Shiekhattar R, Mermelstein F, Fisher R P, Drapkin R, Dynlacht B, Wessling H C, Morgan D O, Reinberg D
Howard Hughes Medical Institute, Department of Biochemistry, Robert Wood Johnson Medical School, University of Medicine and Dentistry of New Jersey, Piscataway 08854-5635.
Nature. 1995 Mar 16;374(6519):283-7. doi: 10.1038/374283a0.
Transcription factor IIH (TFIIH) contains a kinase capable of phosphorylating the carboxy-terminal domain (CTD) of the largest subunit of RNA polymerase II (RNAPII). Here we report the identification of the Cdk-activating kinase (Cak) complex (Cdk7 and cyclin H) as a component of TFIIH after extensive purification of TFIIH by chromatography. We find that affinity-purified antibodies directed against cyclin H inhibit TFIIH-dependent transcription and that both cyclin H and Cdk7 antibodies inhibit phosphorylation of the CTD of the largest subunit of the RNAPII in the preinitiation complex. Cak is present in at least two distinct complexes, TFIIH and a smaller complex that is unable to phosphorylate RNAPII in the preinitiation complex. Both Cak complexes, as well as recombinant Cak, phosphorylate a CTD peptide. Finally, TFIIH was shown to phosphorylate both Cdc2 and Cdk2, suggesting that there could be a link between transcription and the cell cycle machinery.
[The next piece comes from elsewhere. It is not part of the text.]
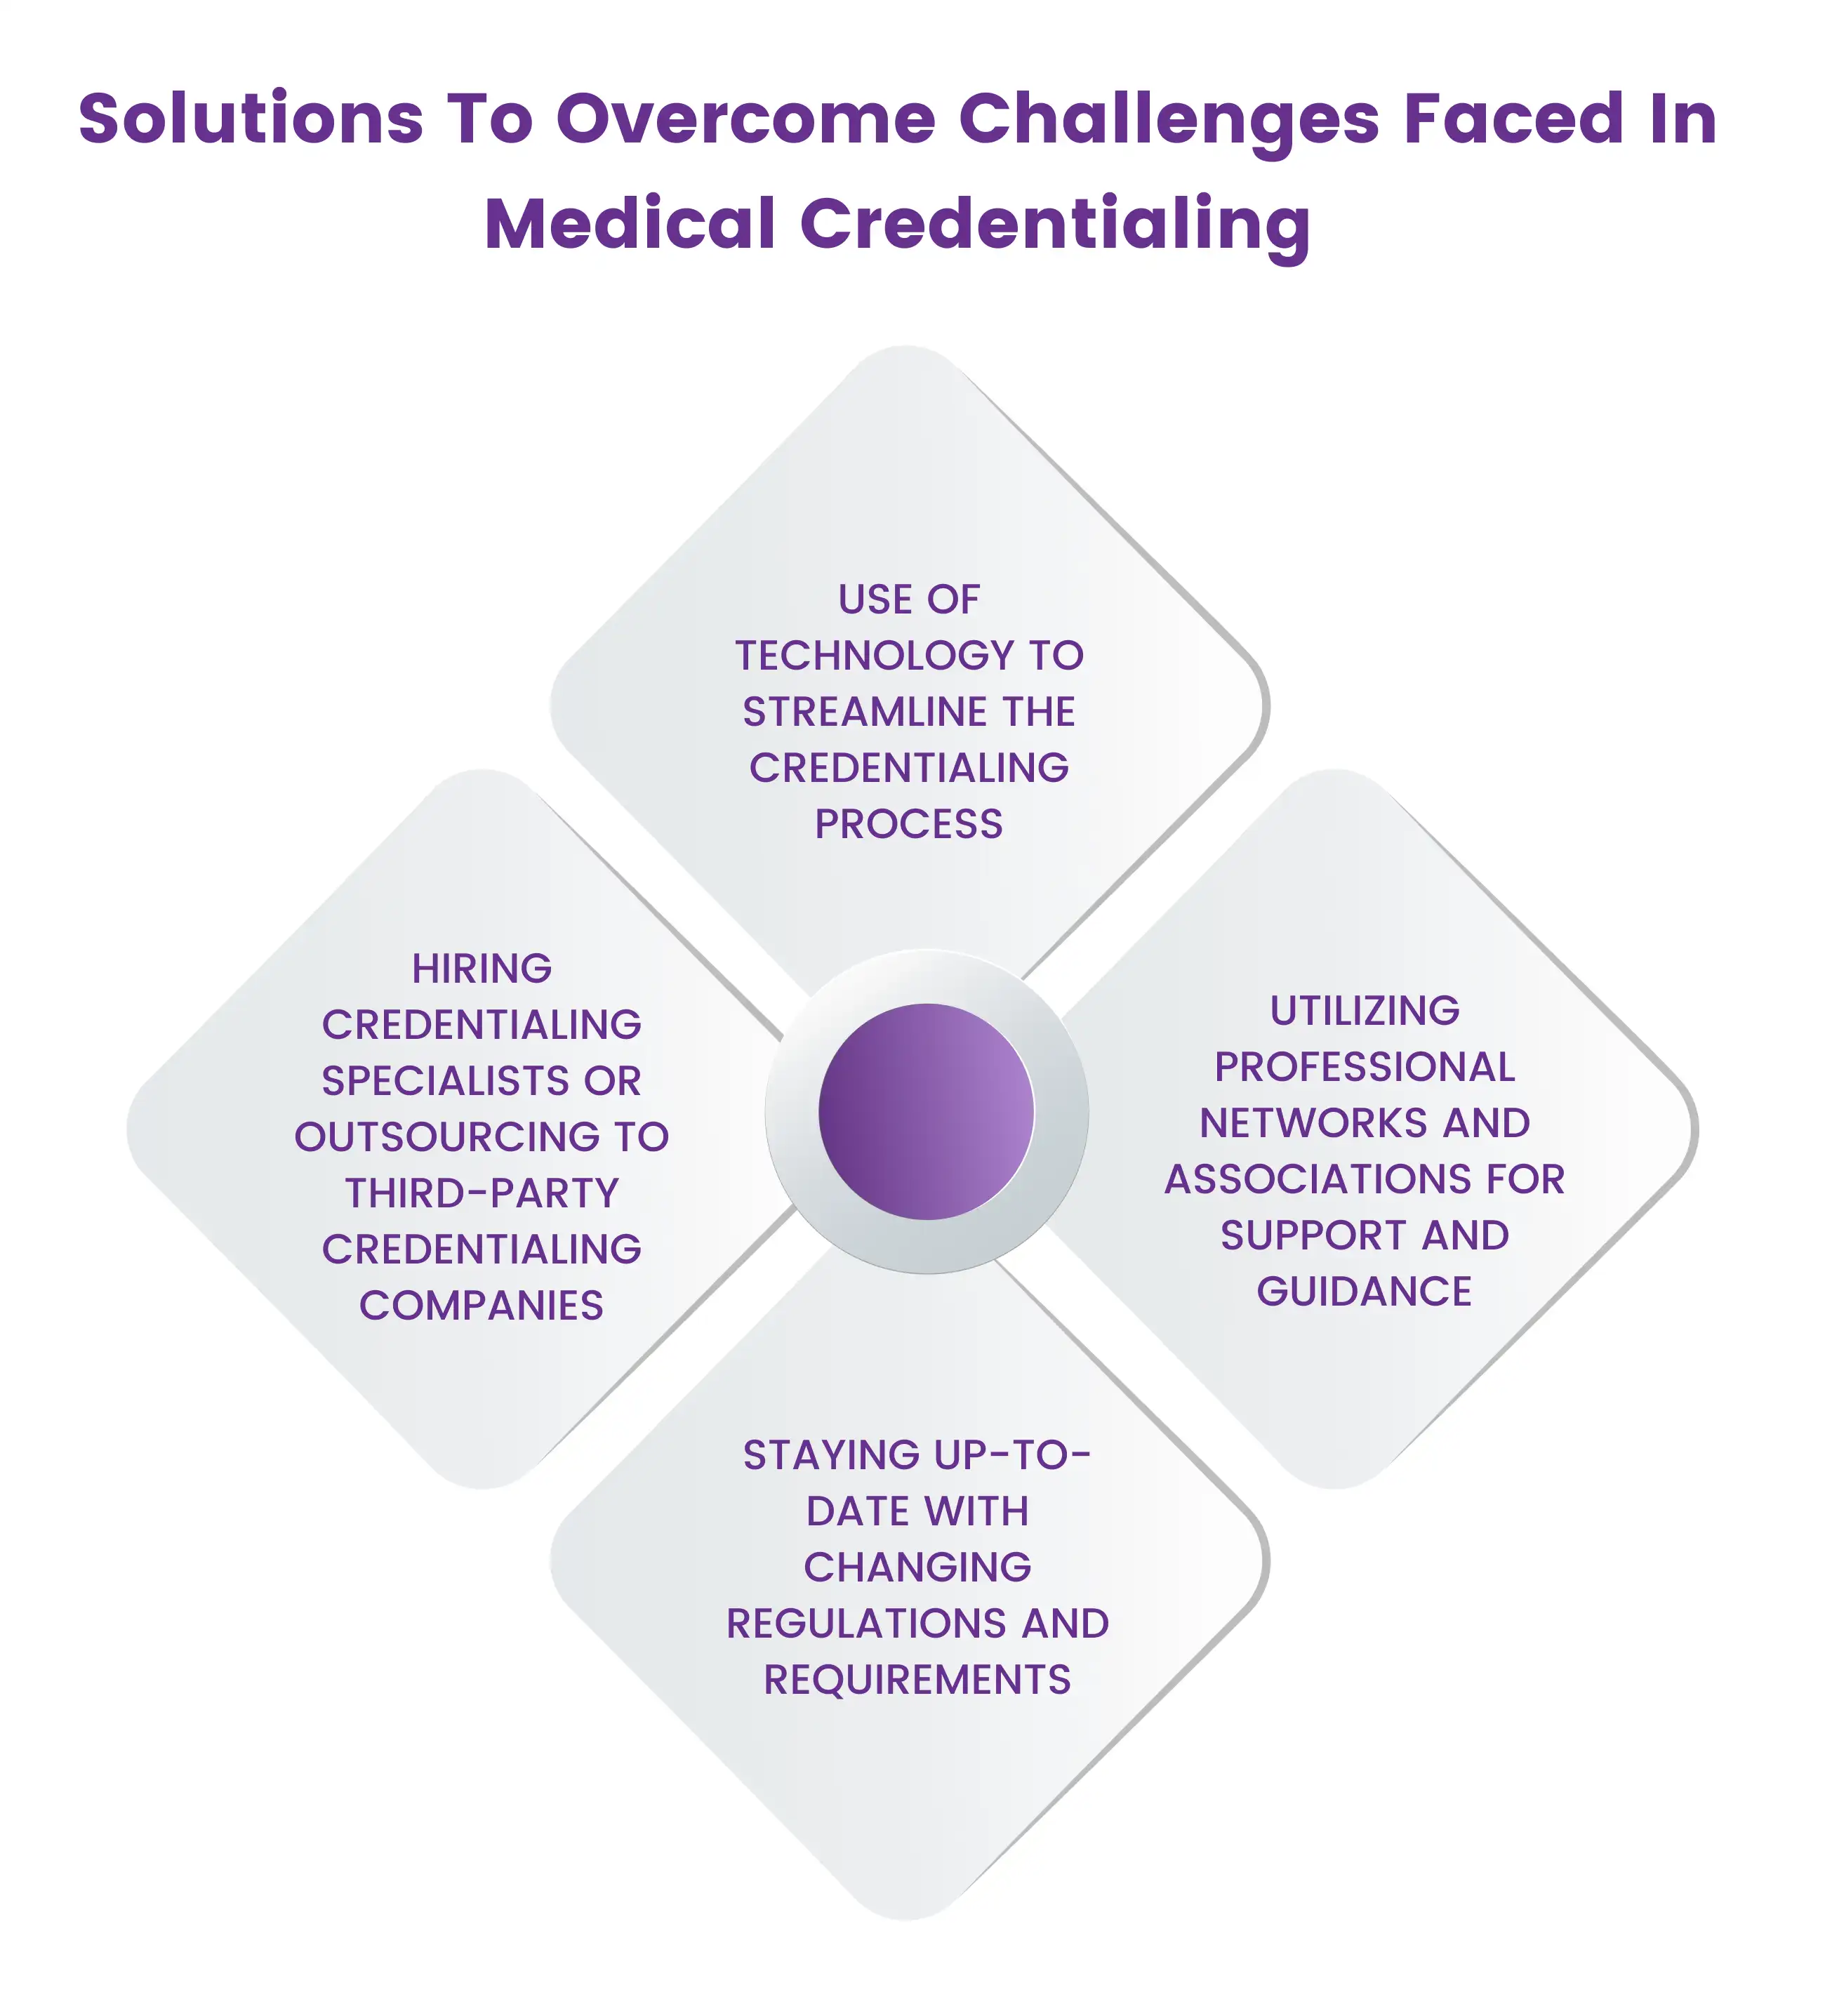 solutions-to-overcome-medical-credentialing-challenges

转录因子IIH(TFIIH)含有一种激酶,能够磷酸化RNA聚合酶II(RNAPII)最大亚基的羧基末端结构域(CTD)。在此,我们报告在通过色谱法对TFIIH进行广泛纯化后,鉴定出细胞周期蛋白依赖性激酶激活激酶(Cak)复合物(Cdk7和细胞周期蛋白H)是TFIIH的一个组成部分。我们发现,针对细胞周期蛋白H的亲和纯化抗体可抑制TFIIH依赖性转录,并且细胞周期蛋白H抗体和Cdk7抗体均能抑制起始前复合物中RNAPII最大亚基CTD的磷酸化。Cak存在于至少两种不同的复合物中,即TFIIH和一种较小的复合物,后者在起始前复合物中无法磷酸化RNAPII。两种Cak复合物以及重组Cak均可磷酸化CTD肽段。最后,研究表明TFIIH可磷酸化Cdc2和Cdk2,这表明转录与细胞周期机制之间可能存在联系。